**Collected data**
★ ★ ★
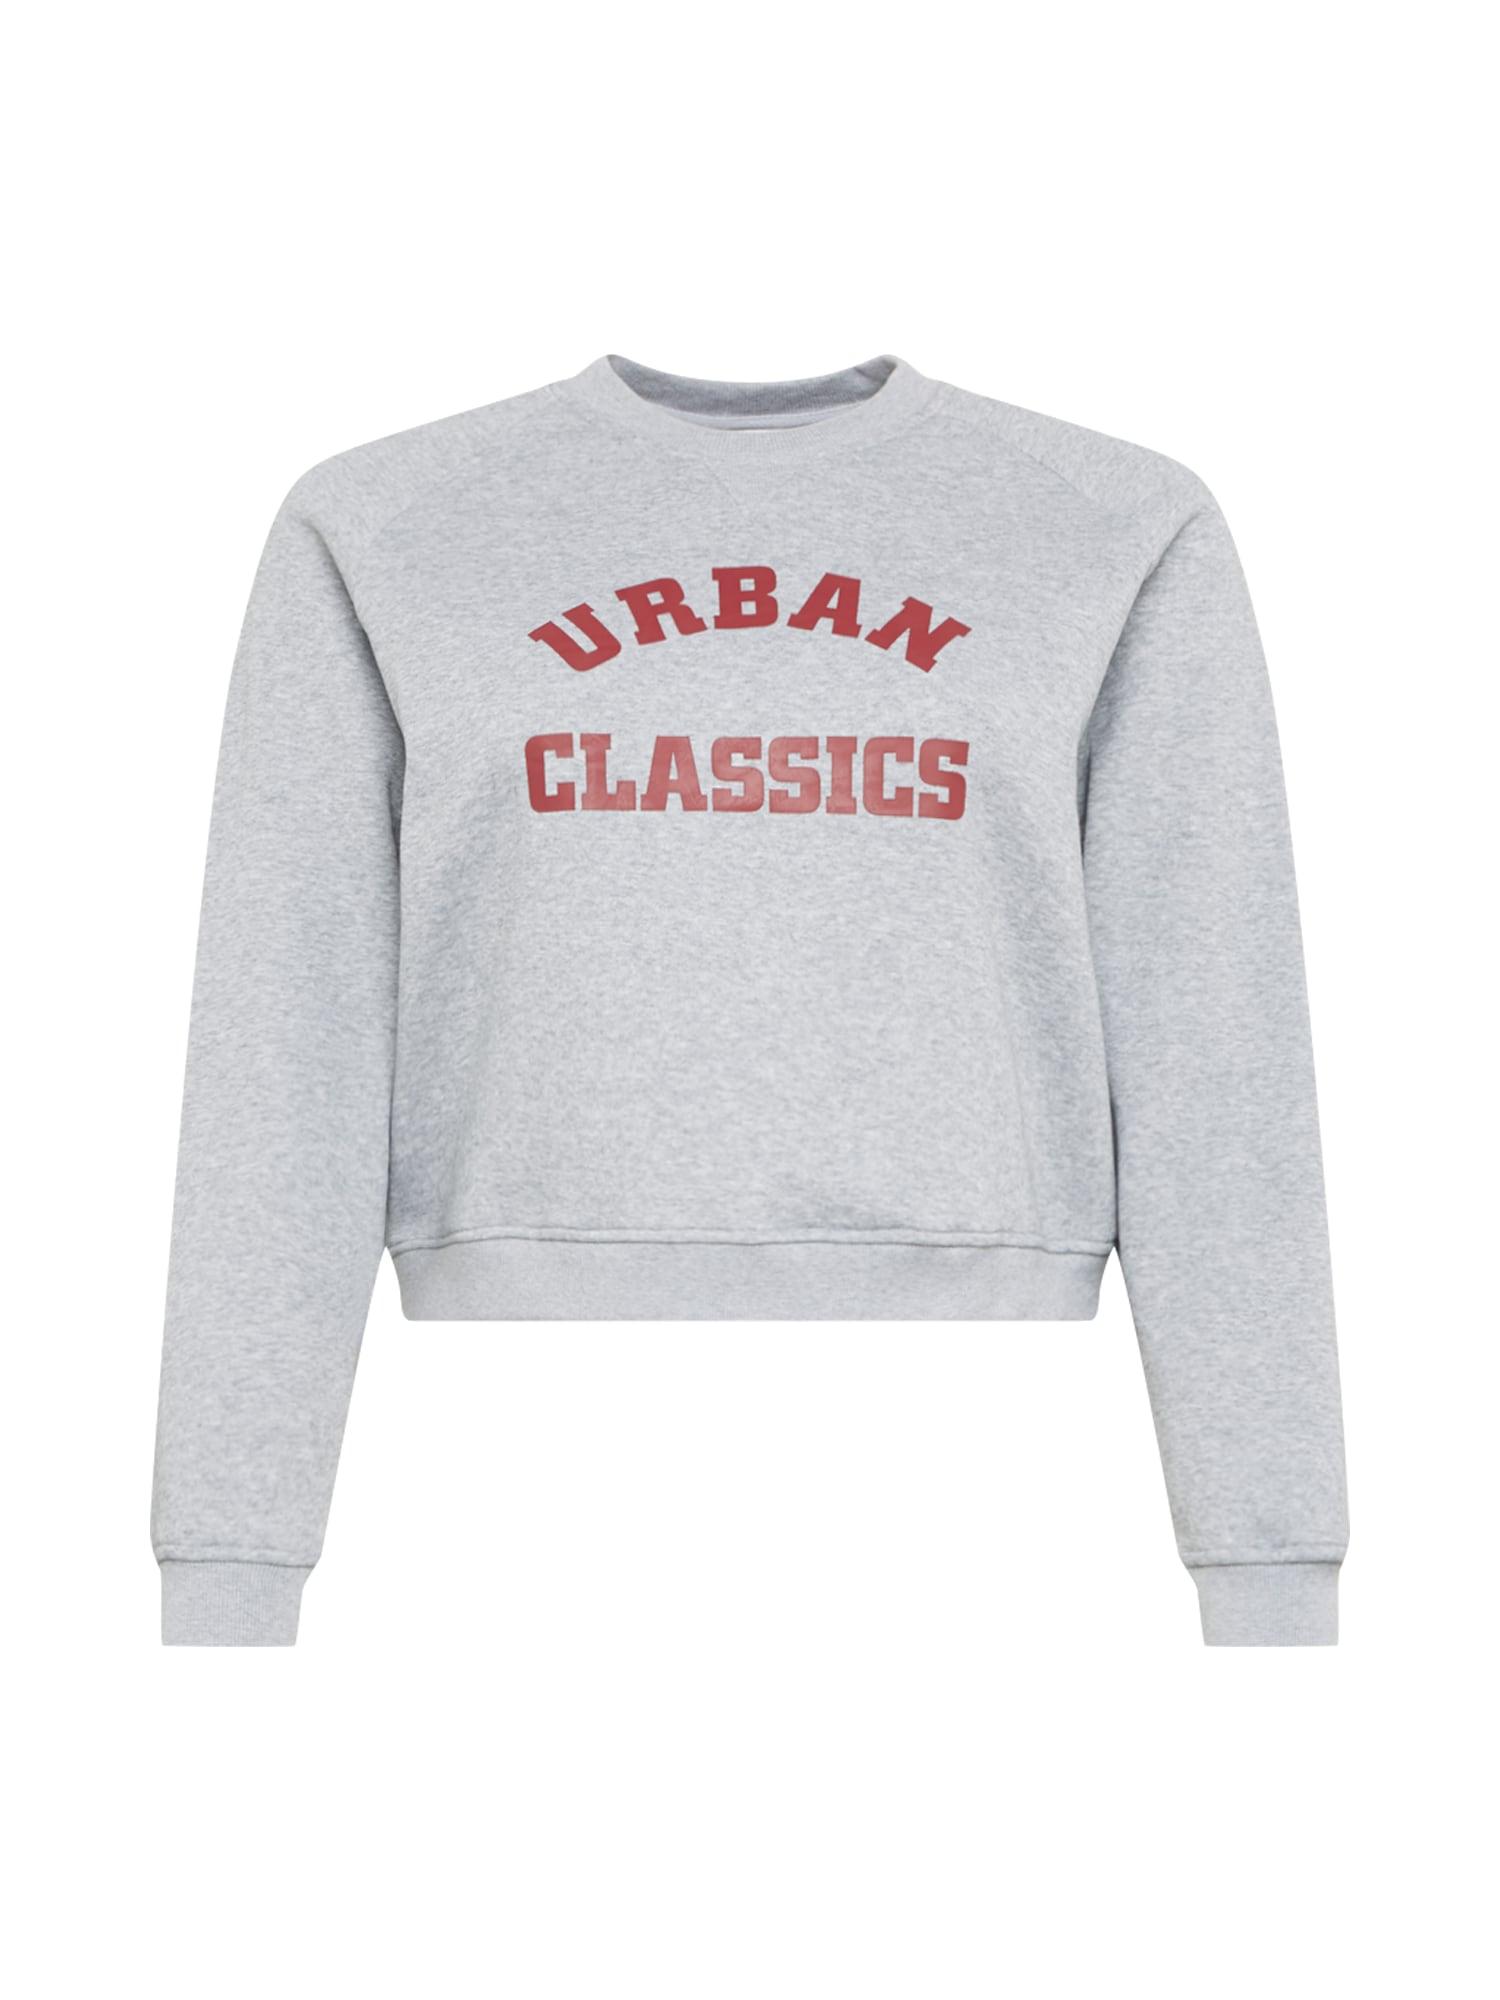 Urban Classics Curvy Sweat-shirt  - Gris - Taille: 4XL - female
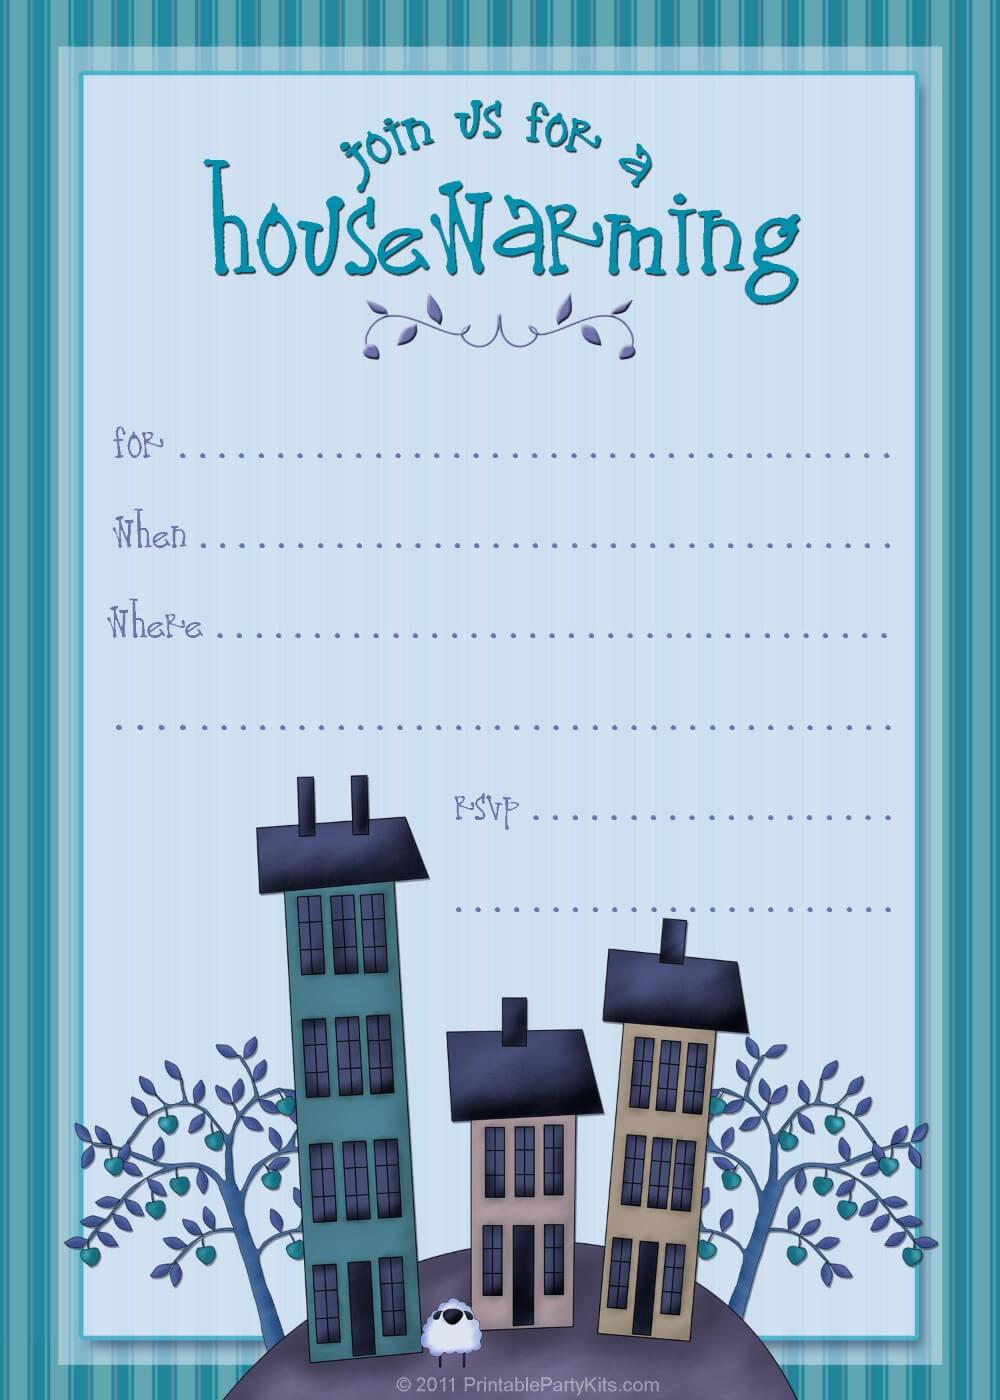 Free Housewarming Invitation Templates Template Awesome In Free Housewarming Invitation Card Template
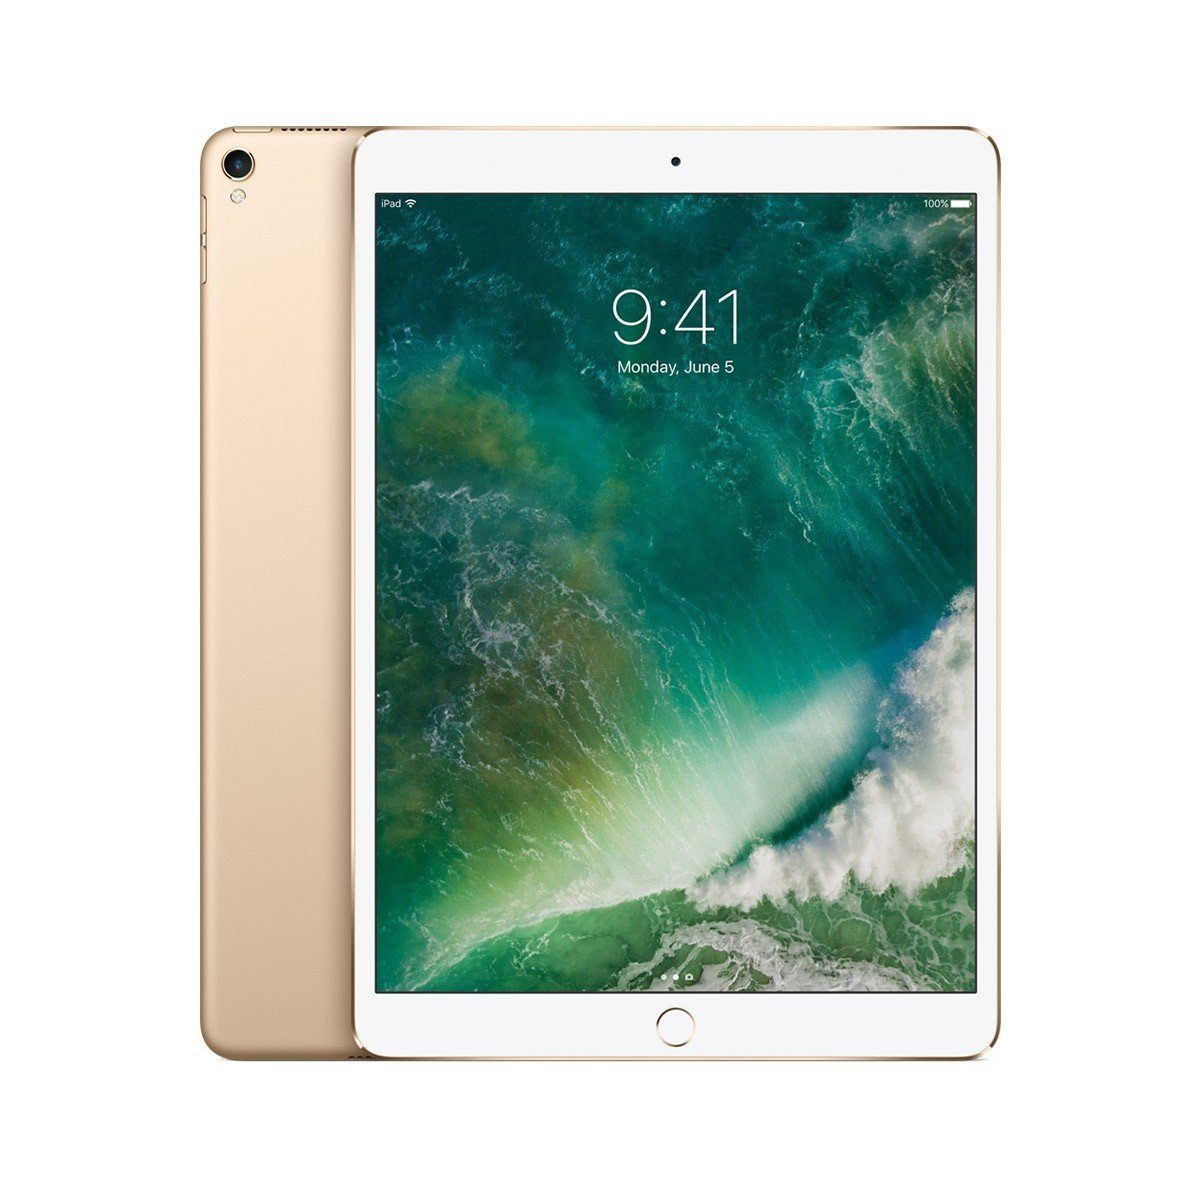 iPad Pro 10.5-inch Gold
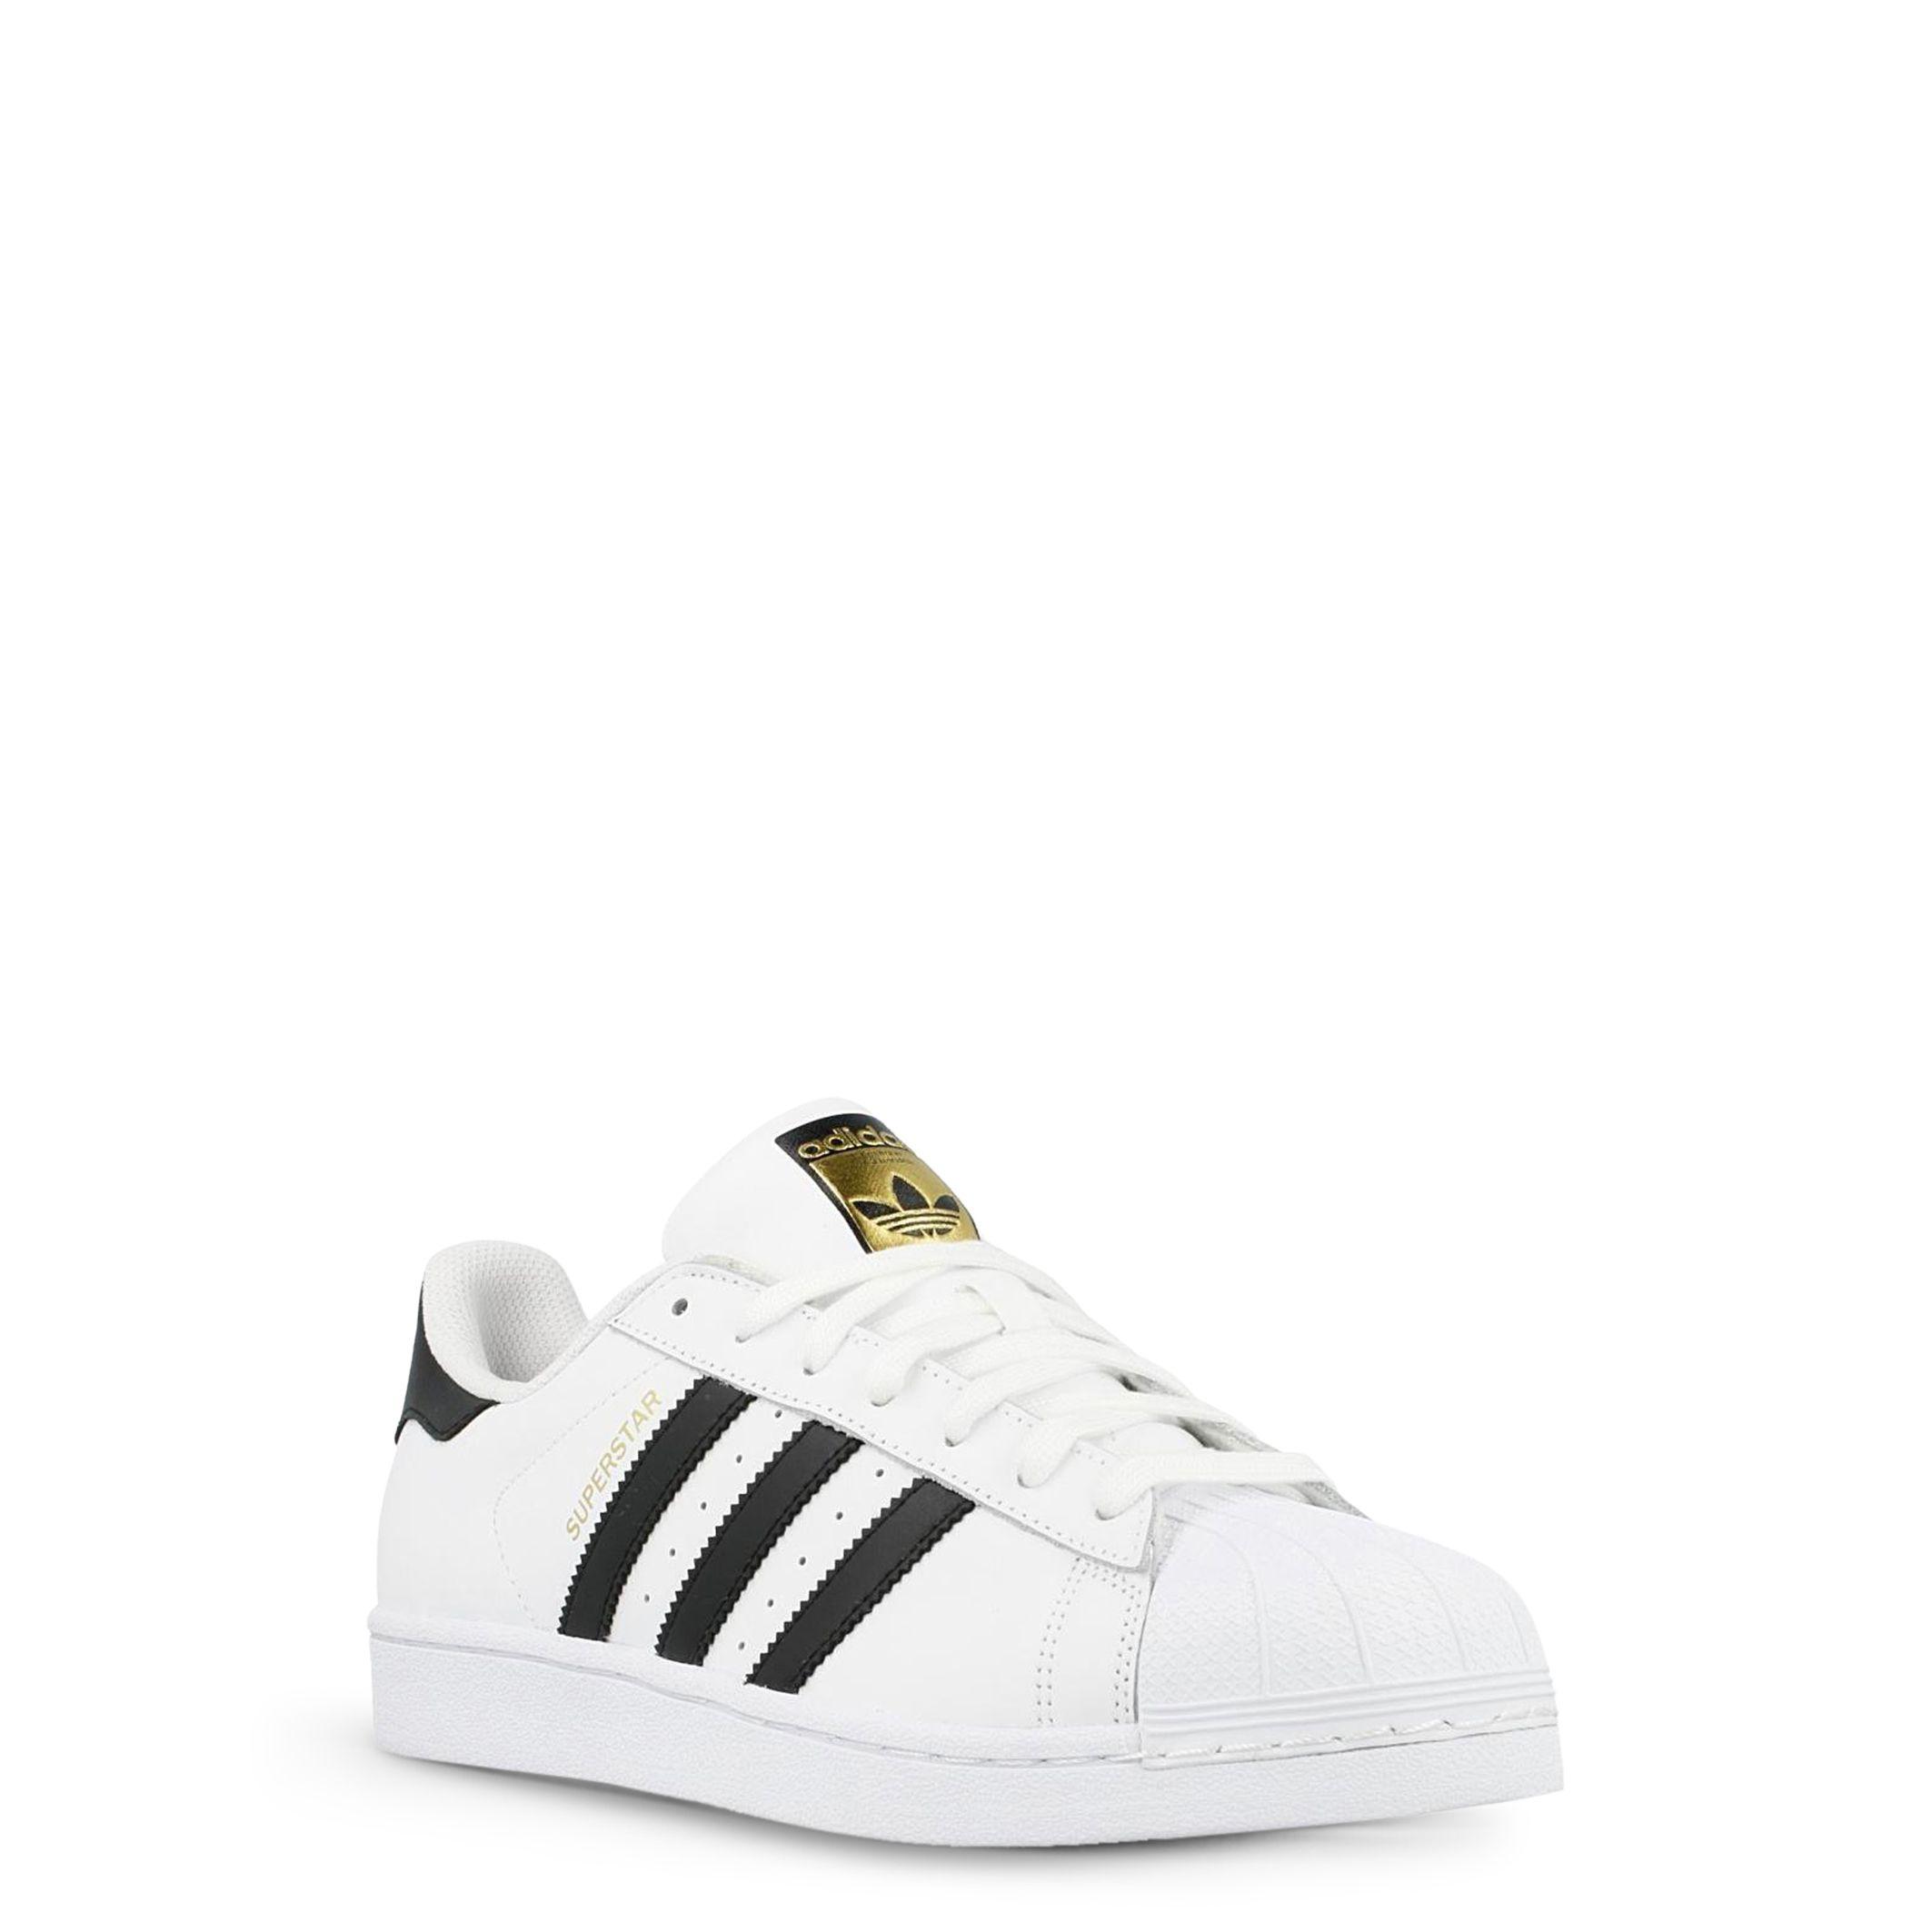 Adidas – Superstar – Blanco
★ ★ ★
**What is expected**
The task calls for repeating each line above exactly while excluding the pictures.

**Solution below**
 Urban Classics Curvy Sweat-shirt  - Gris - Taille: 4XL - female
 Free Housewarming Invitation Templates Template Awesome In Free Housewarming Invitation Card Template
 iPad Pro 10.5-inch Gold
 Adidas – Superstar – Blanco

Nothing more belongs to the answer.